A curve is a line that joins two or more points. If only two points are involved, the line would join them but the line is not straight. If there are three points A, B, and C, the line would start on the first point A, cross the second point B, and stop at the last point C. If more than three points are involved, the line would start on the first, cross the second, cross the third and each line before stopping on the last. The points of a curve don't have to be aligned.

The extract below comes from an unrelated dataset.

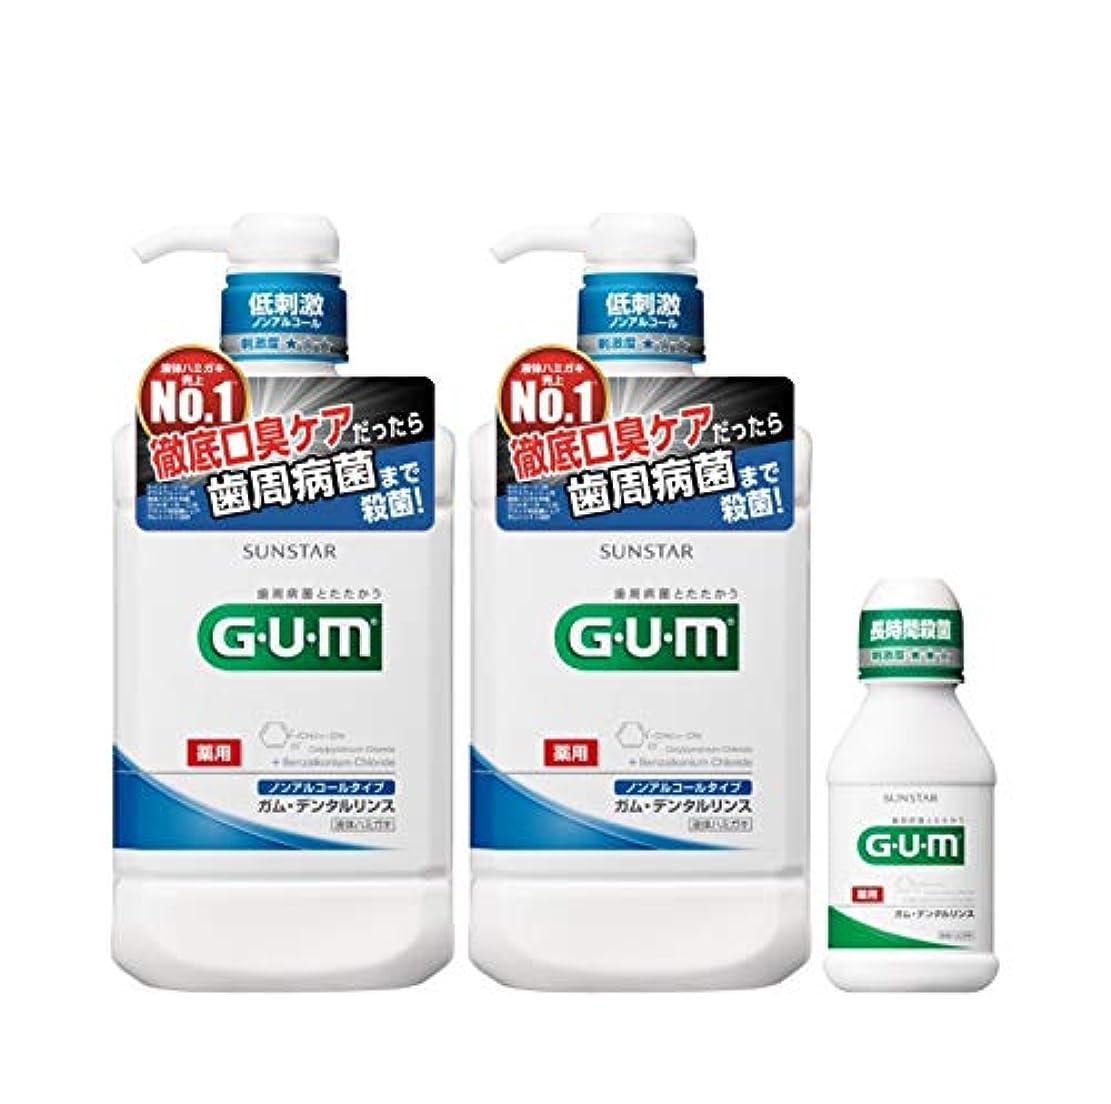 ブラスト定義温度(医薬部外品) GUM(ガム) デンタルリンス ノンアルコールタイプ 薬用液体ハミガキ 960mL 2個パック+おまけ付き【Amazon.co.jp限定】

The whole idea of drawing a curve is to have a non-straight line that joins different non-aligned points. This can be illustrated with the following three curves labeled C1, C2, and C3:

The first curve, C1, includes only two points. The second, C2, includes three points. The third, C3, includes four points.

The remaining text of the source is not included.